КАК ЕГО СВЯТЕЙШЕСТВО ПАПА УРБАН V В КОНЦЕ КОНЦОВ РЕШИЛСЯ ОПЛАТИТЬ КРЕСТОВЫЙ ПОХОД И БЛАГОСЛОВИТЬ КРЕСТОНОСЦЕВ
Перепуганный легат еще не вернулся в Авиньон, а Дюгеклен двинул вперед войска, и это сильно напугало Урбана V, с высоты террасы наблюдавшего за тем, как замыкается грозное кольцо окружения. Благодаря этому маневру Вильнёв-ла-Бепод и Жервази были взяты без сопротивления, хотя в Вильнёве стоял гарнизон из пятисот или шестисот солдат.
Занять эти города коннетабль поручил Гуго де Каверлэ. Он знал манеру англичан располагаться на постой и не сомневался, что на авиньонцев подобное начало военных действий произведет должное впечатление.
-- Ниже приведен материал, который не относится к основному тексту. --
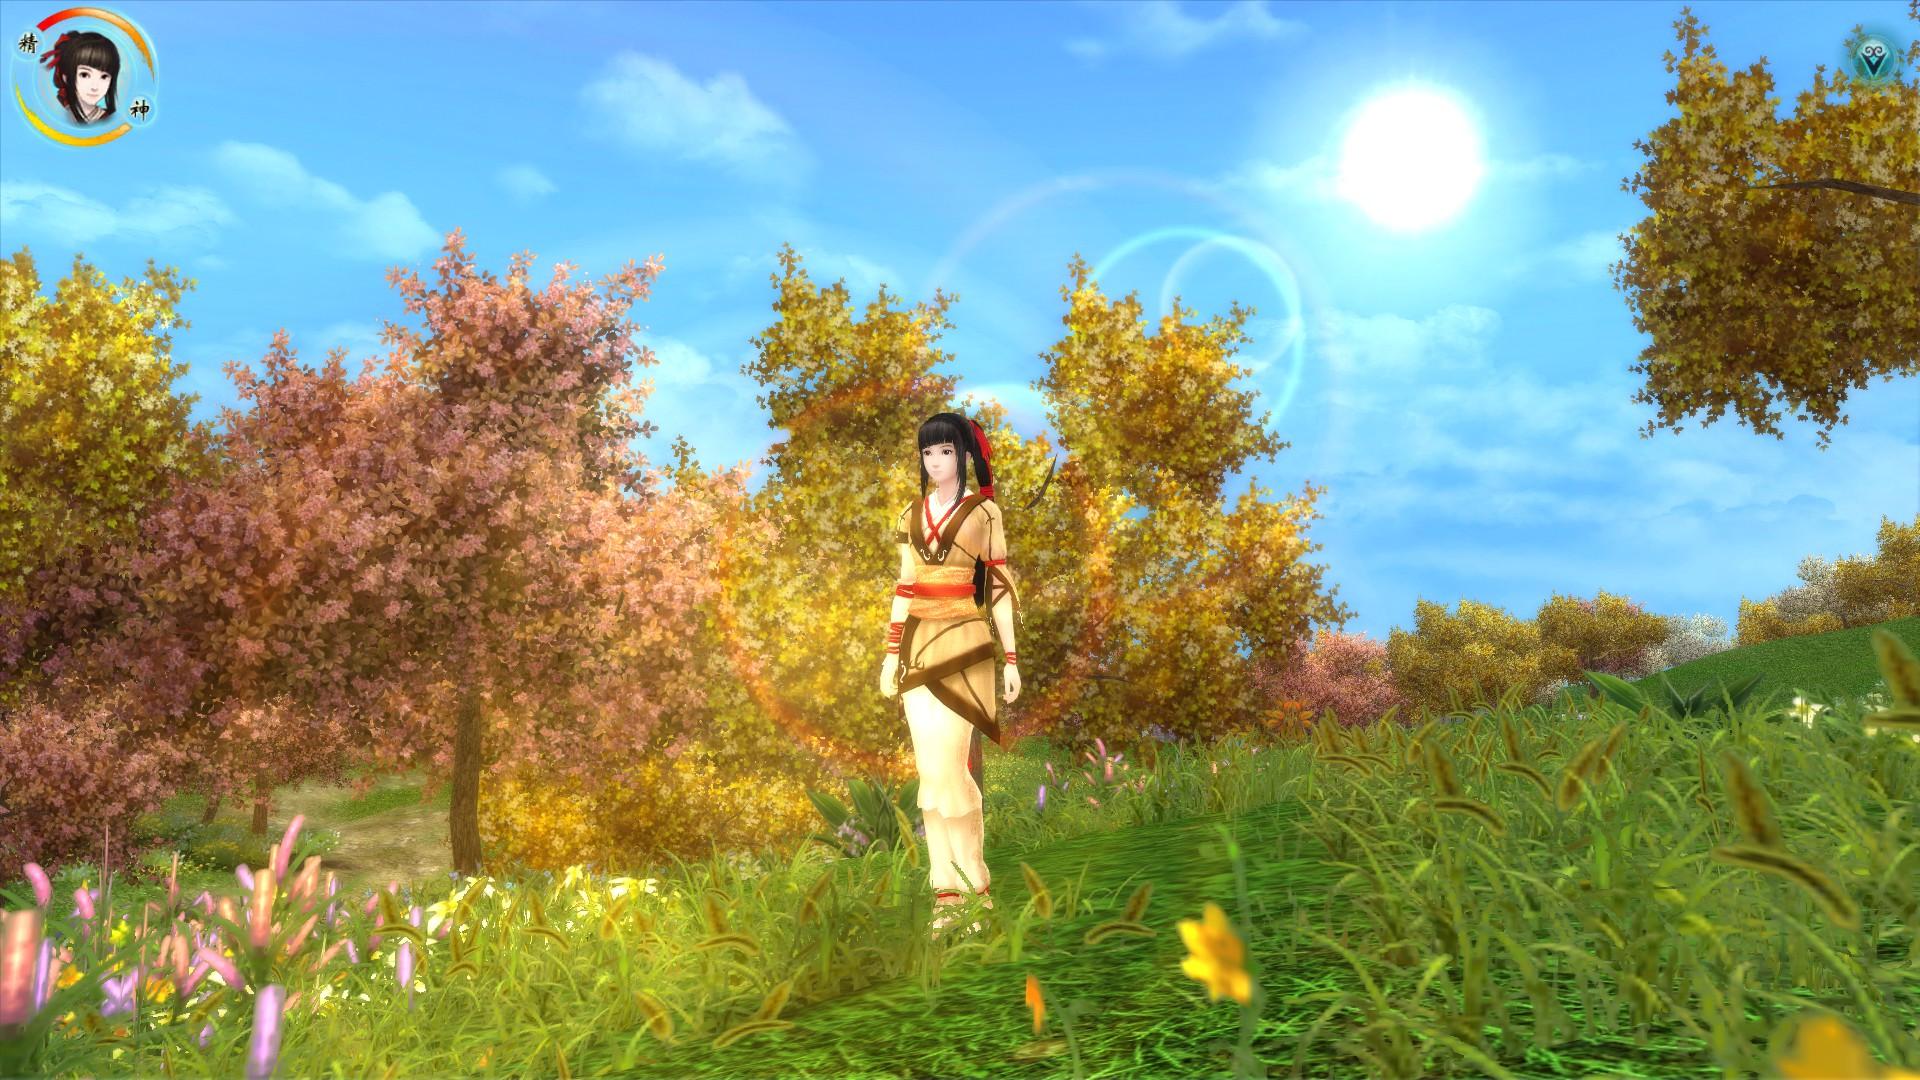 仙剑奇侠传五 前传(Chinese Paladin:Sword and Fairy 5 Prequel) screenshot
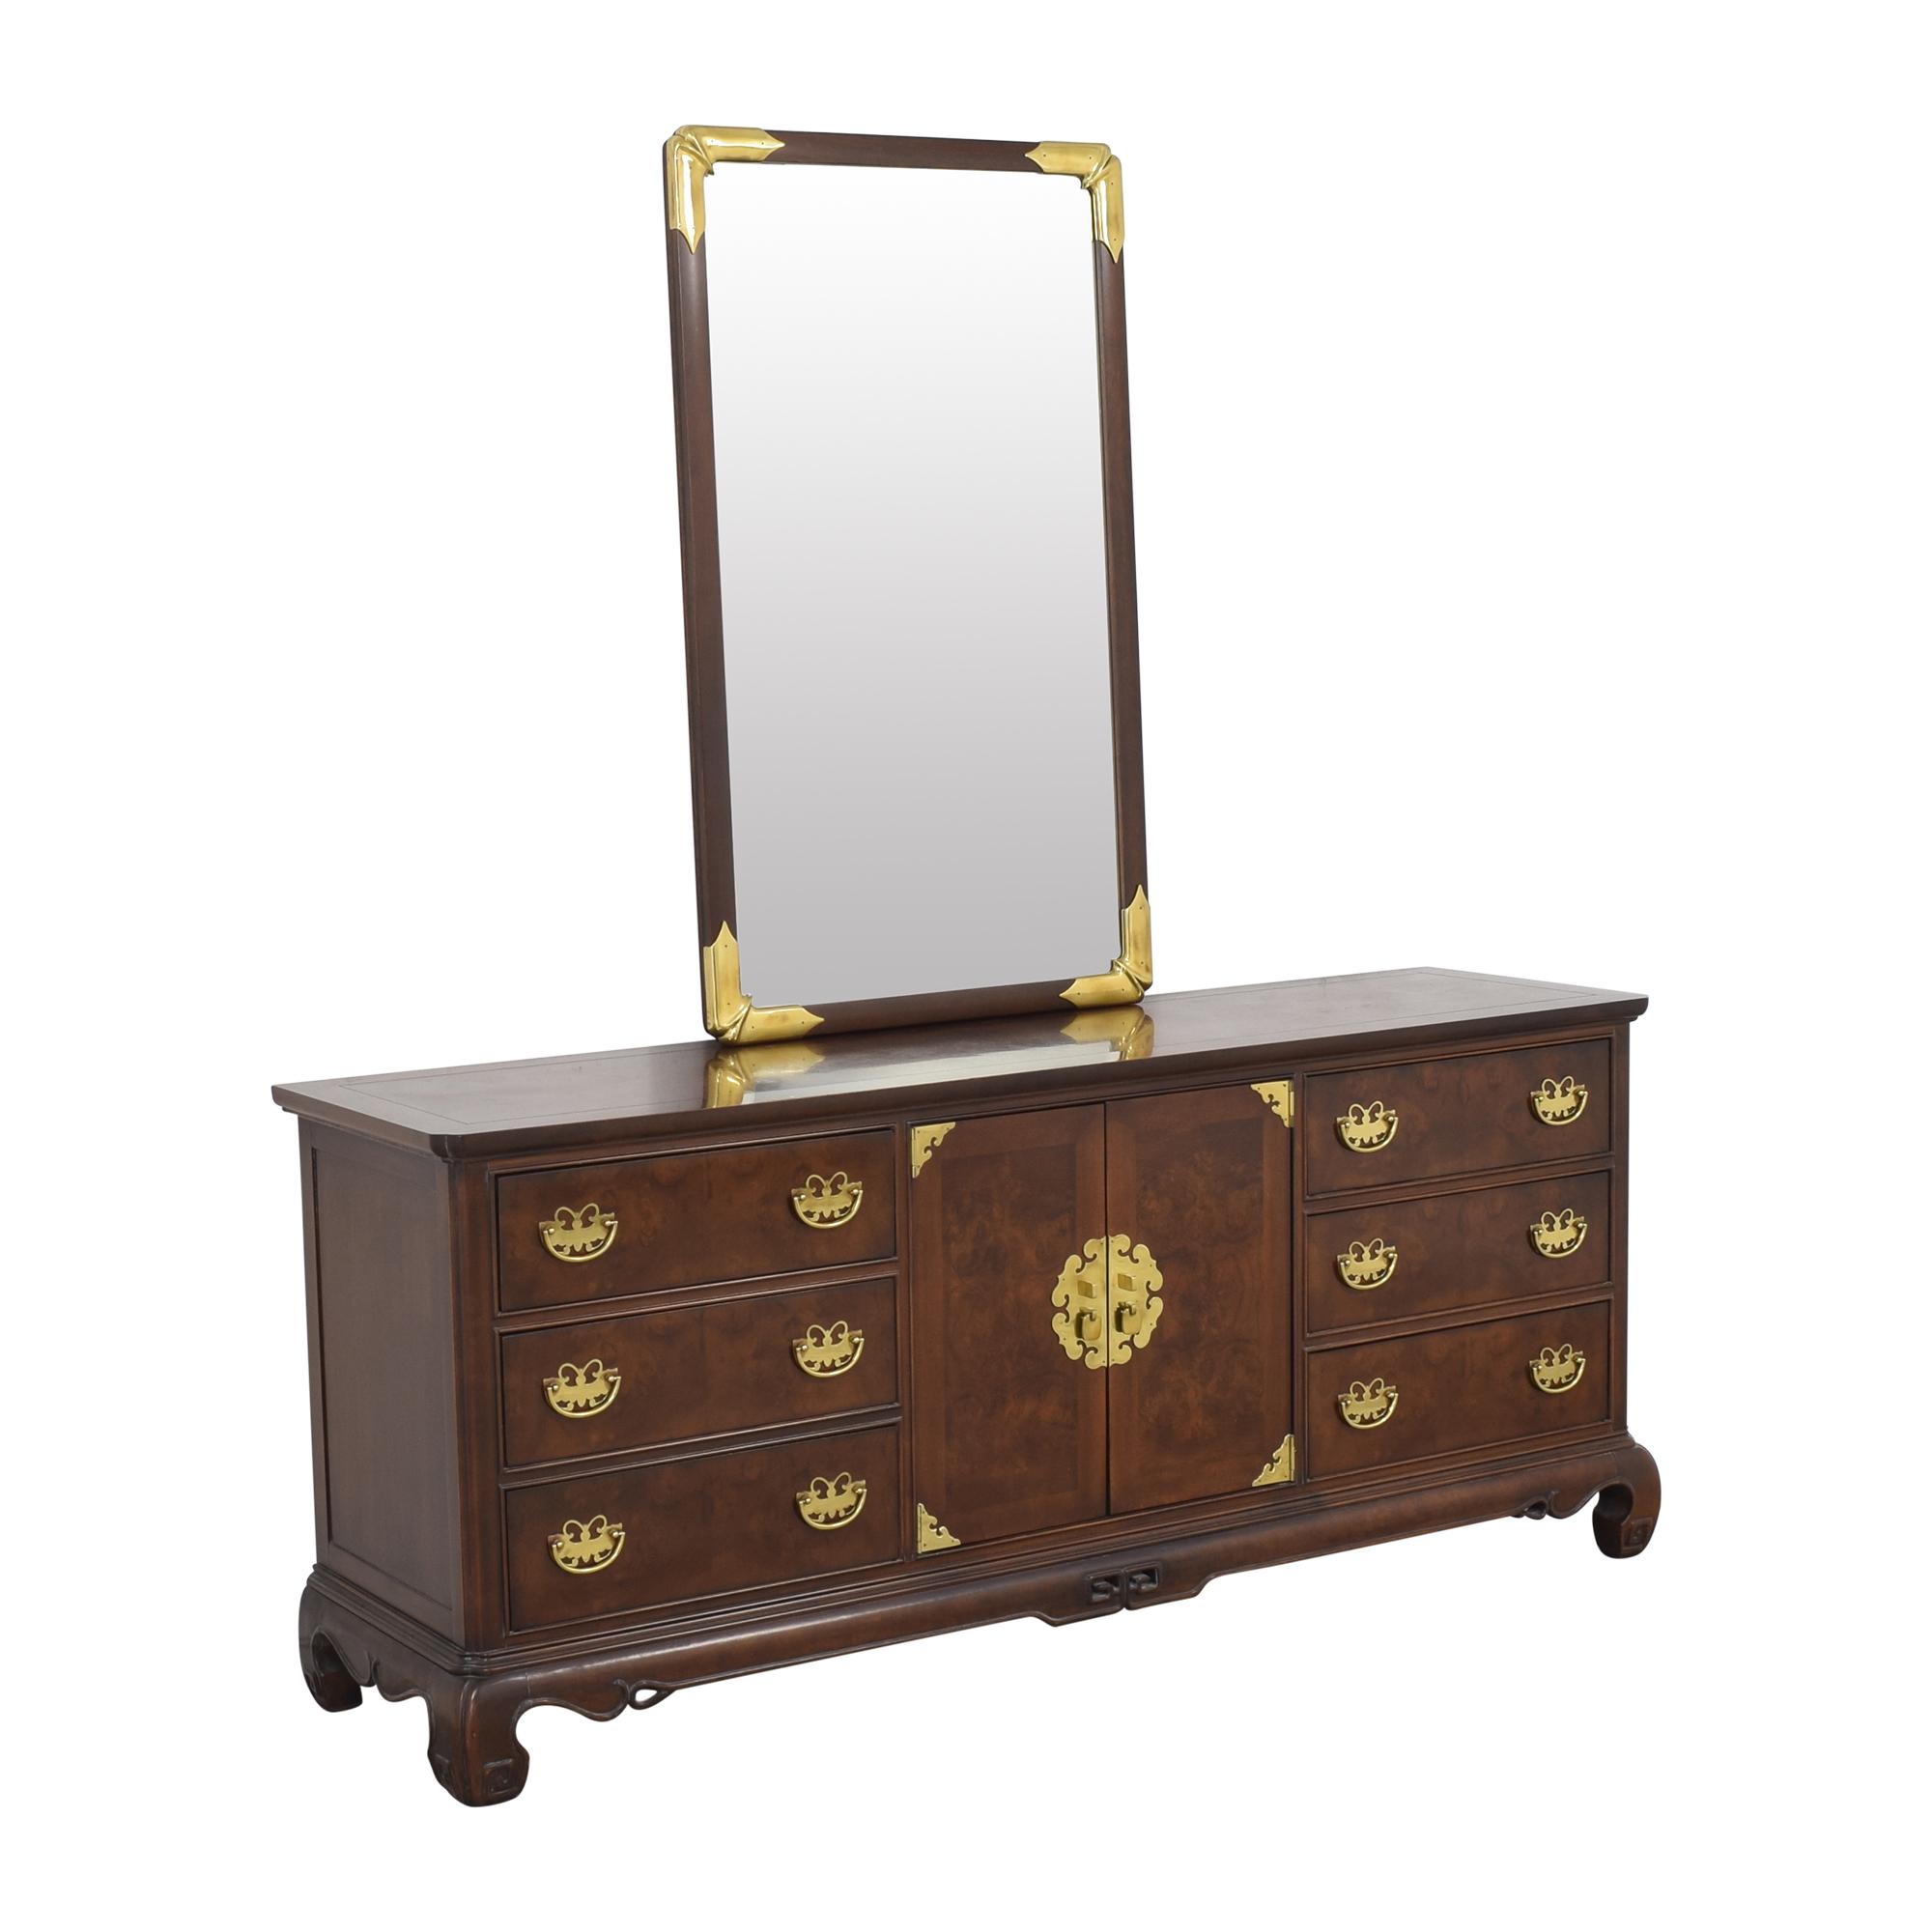 Heritage Henredon Heritage Henredon Dresser with Mirror coupon

Действительно, в тот же вечер с высоты городских стен авиньонцы могли видеть большие костры, которые с трудом разгорались, но каким-то чудом все-таки неизменно ярко вспыхивали. Постепенно ориентируясь и узнавая места, где бушевало пламя, они убеждались, что горели их собственные дома, а на растопку шли их оливковые деревья.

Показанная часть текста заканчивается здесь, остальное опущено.